August 16 2010
Books may make beautiful gifts, but they are no longer a joy forever: thanks to economies in binding, they soon seem to fall apart. My solution involves a visit to Clerkenwell, one of London’s last outposts of traditional craftsmanship. Next door to an old-fashioned watchmaker is The Wyvern Bindery. Entering, one is greeted by a pleasing aroma of seasoned hides, glue and books. Lots and lots of beautiful books. Some are being compressed in Victorian screw-presses, others are in the process of assembly by a largely young crew trained up by master binder Mark Winstanley.
I head first for a drawer of beautiful hand-marbled papers for the cover, each unique. Having selected a psychedelic example in electric blue that would have stopped Dr Timothy Leary in his tracks, there follows a rummage through swatches of hide to find a rich umber to match one of the shades in the cover paper. This will be used for half binding, the leather reinforcing the spine and corners.

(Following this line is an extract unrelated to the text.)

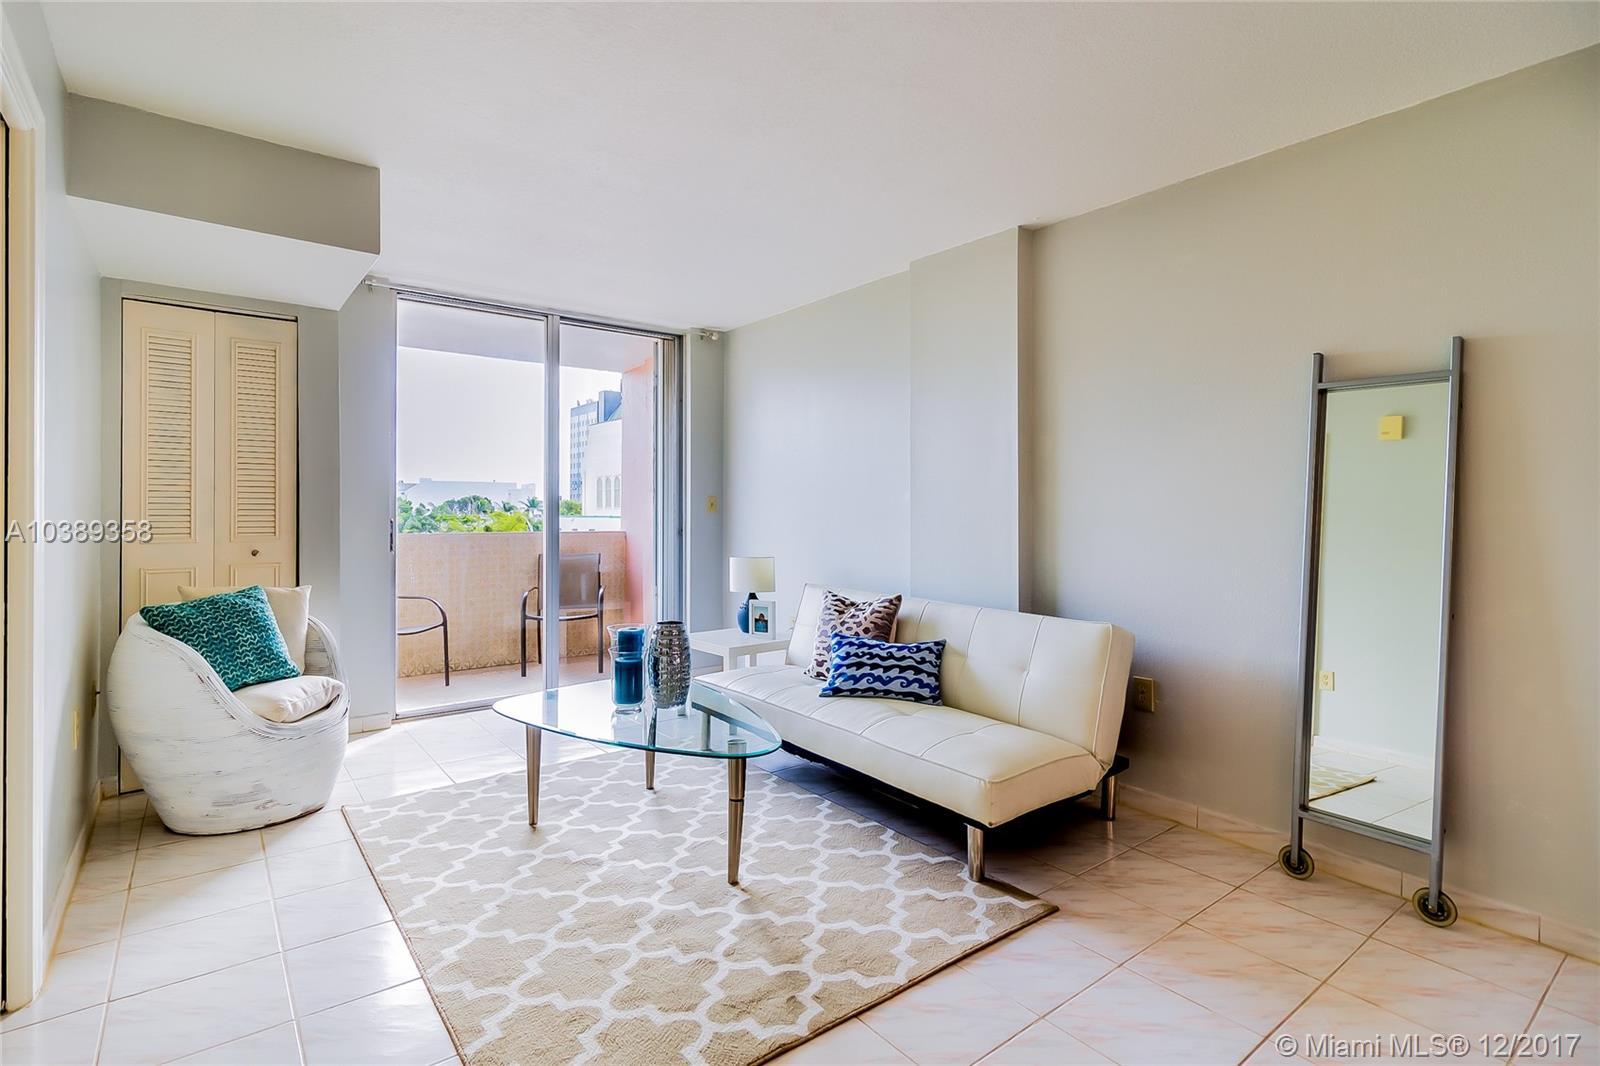 1750 James Ave #5C, Miami Beach, FL 33139 - MLS A10389358 - Coldwell ...

When my father’s memoir Ringside Seat was published, I had the proof copy half-bound to the same specification. “Ah ha! An instant heirloom,” he laughed when presented with it. In fact many of the books restored and rebound here are the real thing, the earliest so far being the sixth-century illuminated Abba Garima Gospel (third picture), restored in situ by Lester Capon, assisted by Winstanley, for Ethiopian Heritage. They also bind for Cambridge’s Fitzwilliam Museum and, ah, Hogwarts School.
Buckram or cloth binding, from about £60; quarter binding in goatskin, from about £140.